_Instructions to follow:_ Starting at the first line, copy the data below through to the end, exactly.

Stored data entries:
━━━━━━━━━━━━━━━━

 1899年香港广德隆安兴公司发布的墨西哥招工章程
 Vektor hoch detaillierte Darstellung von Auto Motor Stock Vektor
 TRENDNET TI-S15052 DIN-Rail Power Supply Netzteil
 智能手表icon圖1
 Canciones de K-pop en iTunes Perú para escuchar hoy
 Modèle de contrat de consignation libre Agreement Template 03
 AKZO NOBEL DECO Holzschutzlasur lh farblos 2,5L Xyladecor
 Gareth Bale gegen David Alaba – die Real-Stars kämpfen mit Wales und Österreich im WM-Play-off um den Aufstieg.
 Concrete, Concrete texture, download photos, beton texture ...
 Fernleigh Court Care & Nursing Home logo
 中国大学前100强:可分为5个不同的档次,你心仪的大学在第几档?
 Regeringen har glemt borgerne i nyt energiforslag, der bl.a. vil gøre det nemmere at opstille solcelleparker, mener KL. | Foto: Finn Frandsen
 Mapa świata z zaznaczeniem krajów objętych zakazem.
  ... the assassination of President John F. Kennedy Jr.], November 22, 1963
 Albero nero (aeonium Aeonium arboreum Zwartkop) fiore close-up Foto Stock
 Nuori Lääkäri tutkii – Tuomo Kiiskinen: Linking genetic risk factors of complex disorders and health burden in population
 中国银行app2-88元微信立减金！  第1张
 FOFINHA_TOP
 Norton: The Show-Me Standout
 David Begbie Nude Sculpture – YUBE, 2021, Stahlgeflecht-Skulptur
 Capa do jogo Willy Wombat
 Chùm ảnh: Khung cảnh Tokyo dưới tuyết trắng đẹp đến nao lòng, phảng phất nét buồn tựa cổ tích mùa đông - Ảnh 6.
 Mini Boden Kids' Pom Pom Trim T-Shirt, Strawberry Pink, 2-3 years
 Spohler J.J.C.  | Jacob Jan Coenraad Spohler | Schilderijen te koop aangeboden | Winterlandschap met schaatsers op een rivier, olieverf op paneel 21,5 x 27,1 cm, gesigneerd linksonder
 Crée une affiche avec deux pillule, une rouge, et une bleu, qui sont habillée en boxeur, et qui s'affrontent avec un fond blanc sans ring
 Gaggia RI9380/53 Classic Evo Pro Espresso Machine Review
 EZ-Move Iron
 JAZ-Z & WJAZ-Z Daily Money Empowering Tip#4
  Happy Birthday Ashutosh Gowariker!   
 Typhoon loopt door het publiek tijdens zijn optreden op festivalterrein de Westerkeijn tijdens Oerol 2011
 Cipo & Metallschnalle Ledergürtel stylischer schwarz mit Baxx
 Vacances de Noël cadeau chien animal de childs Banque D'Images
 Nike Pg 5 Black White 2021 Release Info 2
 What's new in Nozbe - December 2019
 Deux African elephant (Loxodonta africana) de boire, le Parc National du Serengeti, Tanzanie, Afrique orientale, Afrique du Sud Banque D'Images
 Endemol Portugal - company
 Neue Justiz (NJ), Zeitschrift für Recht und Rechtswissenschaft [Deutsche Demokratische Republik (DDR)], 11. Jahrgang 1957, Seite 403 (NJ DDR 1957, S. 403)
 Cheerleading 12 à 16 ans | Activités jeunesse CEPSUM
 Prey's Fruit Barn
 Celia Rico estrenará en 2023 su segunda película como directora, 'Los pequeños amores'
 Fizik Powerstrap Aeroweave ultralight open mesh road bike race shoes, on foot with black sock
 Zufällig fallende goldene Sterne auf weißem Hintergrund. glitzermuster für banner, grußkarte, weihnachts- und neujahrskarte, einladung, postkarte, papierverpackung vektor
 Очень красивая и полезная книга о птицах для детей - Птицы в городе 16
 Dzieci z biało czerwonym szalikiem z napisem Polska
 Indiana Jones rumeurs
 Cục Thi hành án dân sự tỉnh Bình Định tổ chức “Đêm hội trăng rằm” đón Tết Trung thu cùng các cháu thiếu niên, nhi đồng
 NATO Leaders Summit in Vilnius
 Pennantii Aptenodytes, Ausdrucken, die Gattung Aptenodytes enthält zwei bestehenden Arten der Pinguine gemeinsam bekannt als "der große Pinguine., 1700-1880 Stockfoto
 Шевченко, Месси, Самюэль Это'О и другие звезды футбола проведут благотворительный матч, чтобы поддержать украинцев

━━━━━━━━━━━━━━━━

_Output:_
 1899年香港广德隆安兴公司发布的墨西哥招工章程
 Vektor hoch detaillierte Darstellung von Auto Motor Stock Vektor
 TRENDNET TI-S15052 DIN-Rail Power Supply Netzteil
 智能手表icon圖1
 Canciones de K-pop en iTunes Perú para escuchar hoy
 Modèle de contrat de consignation libre Agreement Template 03
 AKZO NOBEL DECO Holzschutzlasur lh farblos 2,5L Xyladecor
 Gareth Bale gegen David Alaba – die Real-Stars kämpfen mit Wales und Österreich im WM-Play-off um den Aufstieg.
 Concrete, Concrete texture, download photos, beton texture ...
 Fernleigh Court Care & Nursing Home logo
 中国大学前100强:可分为5个不同的档次,你心仪的大学在第几档?
 Regeringen har glemt borgerne i nyt energiforslag, der bl.a. vil gøre det nemmere at opstille solcelleparker, mener KL. | Foto: Finn Frandsen
 Mapa świata z zaznaczeniem krajów objętych zakazem.
  ... the assassination of President John F. Kennedy Jr.], November 22, 1963
 Albero nero (aeonium Aeonium arboreum Zwartkop) fiore close-up Foto Stock
 Nuori Lääkäri tutkii – Tuomo Kiiskinen: Linking genetic risk factors of complex disorders and health burden in population
 中国银行app2-88元微信立减金！  第1张
 FOFINHA_TOP
 Norton: The Show-Me Standout
 David Begbie Nude Sculpture – YUBE, 2021, Stahlgeflecht-Skulptur
 Capa do jogo Willy Wombat
 Chùm ảnh: Khung cảnh Tokyo dưới tuyết trắng đẹp đến nao lòng, phảng phất nét buồn tựa cổ tích mùa đông - Ảnh 6.
 Mini Boden Kids' Pom Pom Trim T-Shirt, Strawberry Pink, 2-3 years
 Spohler J.J.C.  | Jacob Jan Coenraad Spohler | Schilderijen te koop aangeboden | Winterlandschap met schaatsers op een rivier, olieverf op paneel 21,5 x 27,1 cm, gesigneerd linksonder
 Crée une affiche avec deux pillule, une rouge, et une bleu, qui sont habillée en boxeur, et qui s'affrontent avec un fond blanc sans ring
 Gaggia RI9380/53 Classic Evo Pro Espresso Machine Review
 EZ-Move Iron
 JAZ-Z & WJAZ-Z Daily Money Empowering Tip#4
  Happy Birthday Ashutosh Gowariker!   
 Typhoon loopt door het publiek tijdens zijn optreden op festivalterrein de Westerkeijn tijdens Oerol 2011
 Cipo & Metallschnalle Ledergürtel stylischer schwarz mit Baxx
 Vacances de Noël cadeau chien animal de childs Banque D'Images
 Nike Pg 5 Black White 2021 Release Info 2
 What's new in Nozbe - December 2019
 Deux African elephant (Loxodonta africana) de boire, le Parc National du Serengeti, Tanzanie, Afrique orientale, Afrique du Sud Banque D'Images
 Endemol Portugal - company
 Neue Justiz (NJ), Zeitschrift für Recht und Rechtswissenschaft [Deutsche Demokratische Republik (DDR)], 11. Jahrgang 1957, Seite 403 (NJ DDR 1957, S. 403)
 Cheerleading 12 à 16 ans | Activités jeunesse CEPSUM
 Prey's Fruit Barn
 Celia Rico estrenará en 2023 su segunda película como directora, 'Los pequeños amores'
 Fizik Powerstrap Aeroweave ultralight open mesh road bike race shoes, on foot with black sock
 Zufällig fallende goldene Sterne auf weißem Hintergrund. glitzermuster für banner, grußkarte, weihnachts- und neujahrskarte, einladung, postkarte, papierverpackung vektor
 Очень красивая и полезная книга о птицах для детей - Птицы в городе 16
 Dzieci z biało czerwonym szalikiem z napisem Polska
 Indiana Jones rumeurs
 Cục Thi hành án dân sự tỉnh Bình Định tổ chức “Đêm hội trăng rằm” đón Tết Trung thu cùng các cháu thiếu niên, nhi đồng
 NATO Leaders Summit in Vilnius
 Pennantii Aptenodytes, Ausdrucken, die Gattung Aptenodytes enthält zwei bestehenden Arten der Pinguine gemeinsam bekannt als "der große Pinguine., 1700-1880 Stockfoto
 Шевченко, Месси, Самюэль Это'О и другие звезды футбола проведут благотворительный матч, чтобы поддержать украинцев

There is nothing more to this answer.